Дровосек повернул меня к себе и очень серьезно сказал:
– В третий раз я найду тебя не для того, чтобы тебя своровать, а для того, чтобы на тебе жениться.
– А если я буду замужем? Да и почему ты так уверен, что я за тебя пойду?
– Ты не будешь замужем.
– Откуда такая уверенность?
– С тобой ни один нормальный мужик жить не может. Я за это спокоен. С тобой сможет жить только такой ненормальный, как я. А что касается того, что ты за меня не пойдешь, то, я повторяю, ты меня сама об этом просить будешь. Я тебя уверяю.
– Я думаю, что ты слишком высокого о себе мнения.
– А я думаю, что я о себе такого мнения, которое и должно быть. Ты не смотри, что сейчас я грубый мужик, бежавший зэк и конченый уголовник. Придет время, и я буду совсем другим. В этом я тебя уверяю. На все нужно время!
Притянув меня к себе, Дровосек крепко поцеловал в губы и уже в который раз посмотрел на часы:
– Мне пора. А ты должна быть хорошей девочкой и посидеть тут немного одна. Как только мне дадут пакет с деньгами, я скажу, где ты, и за тобой приедут твои люди.
– А если они сначала захотят увидеть меня живой, а только после этого отдадут тебе деньги?
– Я похож на конченого лоха? Это моя игра, и я ее затеял, а значит, играть в нее нужно только по моим правилам. Если они не пойдут на мои условия, значит, они просто не получат тебя. Садись вон на тот стул со спинкой.
– Зачем? – испуганно посмотрела я на Дровосека.
– Затем, что мне придется тебя связать.
– Зачем? Мы же договорились с тобой по-мирному. А может, тебе придется меня и убить?
– Я за свои слова отвечаю. Я тебя пальцем не трону.
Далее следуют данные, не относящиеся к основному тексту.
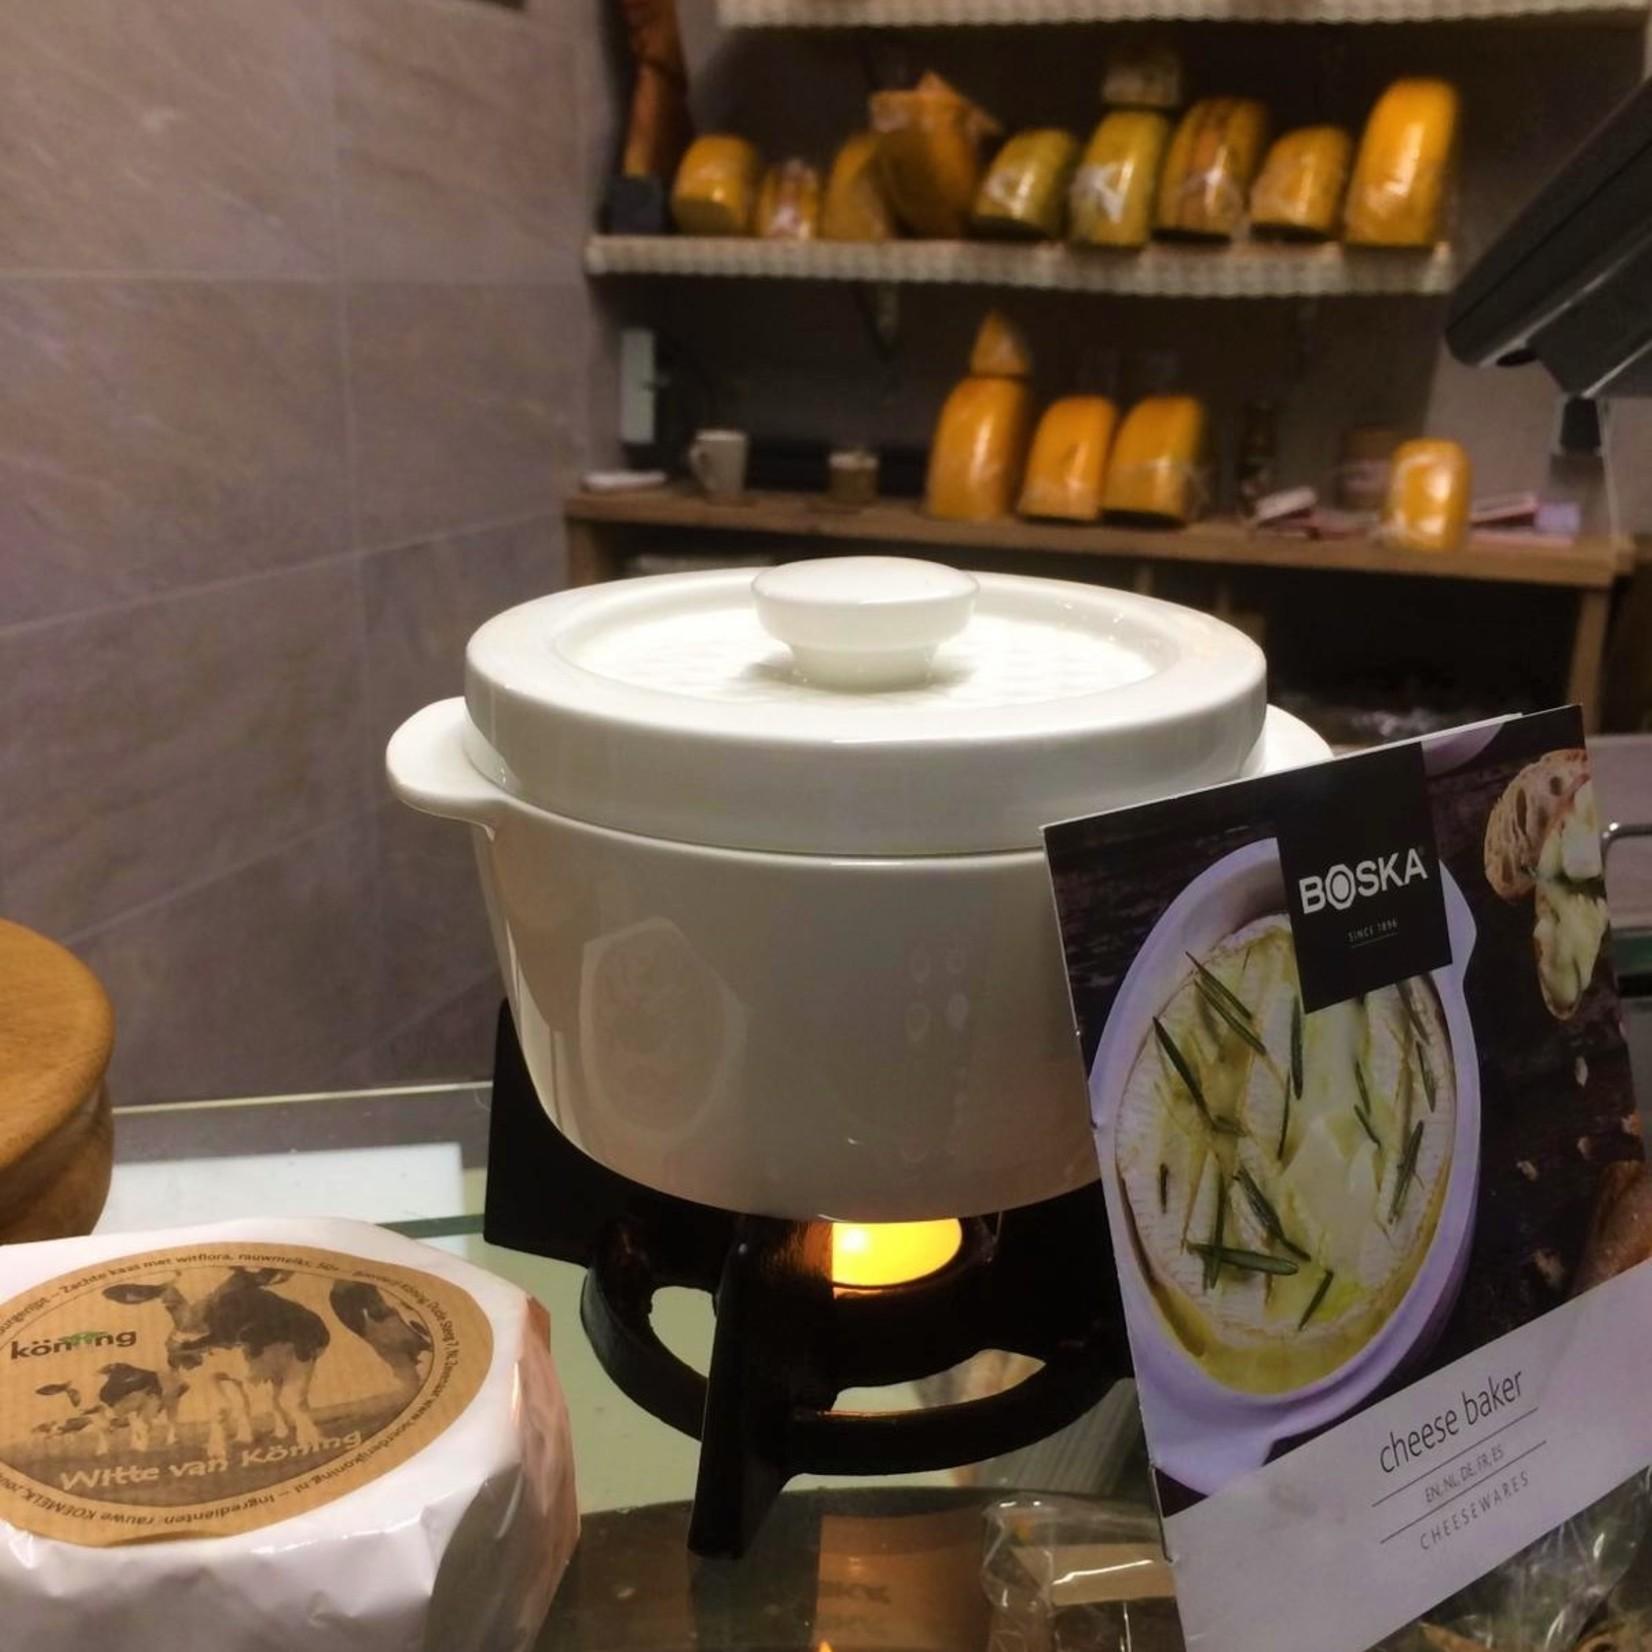 Kaas voor kaasfondue: de Witte van König

Свяжу для того, чтобы ты была похожа на заложницу.
– Я и так на нее похожа… – В моем голосе появился испуг.
– Я бы этого не сказал.
– Почему?
– Потому что у тебя глаза после секса от счастья светятся. Дураку видно, что тебе еще хочется.
– Не говори ерунды!
– Садись, я сказал! – В голосе Дровосека появилась реальная угроза. – У меня времени нет. Я должен тебя связать, чтобы ты не бросилась следом за мной, не прибежала к своим людям, уверяя их в том, что с тобой все в порядке и чтобы мне не давали денег. Мне нужны деньги, и я их получу, чего бы мне это ни стоило.
– Я никуда не побегу… Я буду в доме. Я буду просто смотреть в окно…
– Садись! – прикрикнул Дровосек.
Сев, я облокотилась на спинку стула и с опаской стала наблюдать за тем, как Дровосек достает веревку и начинает обвязывать меня вместе со стулом.
– Сиди спокойно. Тебе же не больно?
– Нет. – Я и сама не знаю, почему на моих глазах появились слезы.
– Я же сказал, что я не причиню тебе боли. Скоро сюда придут твои люди, тебя освободят, и ты поедешь домой. Выйдешь замуж за своего любимого человека, немного поживешь, разведешься, некоторое время побудешь одна, и мы опять с тобой встретимся. Ты уж не обижайся, но руки я завяжу тебе покрепче, чтобы не смогла развязаться.
– Да я и так не смогу, – сквозь слезы выговорила я.
– Кто тебя знает! Ты девушка сильная и совсем не робкого десятка. Таких нужно связывать как можно крепче.
– Кляп-то хоть в рот не будешь совать?
– А ты хочешь?
– Нет. Если можно, избавь меня, пожалуйста, от этого.
– Хорошо, избавляю. Для меня слово женщины – закон.
– Ты в первый раз за все это время назвал меня женщиной, а не бабой.
– Было время, когда я называл женщин дамами. Но это было слишком давно и уже стало неправдой.
– А что будет с солдатом?
– Делай с ним все, что посчитаешь нужным. Скажи о нем своим ребятам. Только учти, что он не в себе. Отпускать его нельзя. Он дальше всех мочить будет. Оружие я у него отобрал, но будет душить голыми руками всех, кого только увидит. У него уже планку сорвало. По-хорошему, его в «дурку» надо. Он же все равно не может ни своего имени назвать, ни часть, где служил, ни адрес, где его предки живут. Поначалу я подумал, что он под дурака косит, а когда присмотрелся, то понял, что он вовсе не косит, а в самом деле головой улетел. Я к нему в чулан заходил, дал ему поесть. Он от страха трясется, кричит, лицо руками закрывает, боится, что я его бить буду. Видимо, его в части били сильно, и это прочно засело в его памяти. Я грех на душу брать не хочу, а возиться мне с ним некогда. Его дальнейшую судьбу ты сама решай. Все, мне пора!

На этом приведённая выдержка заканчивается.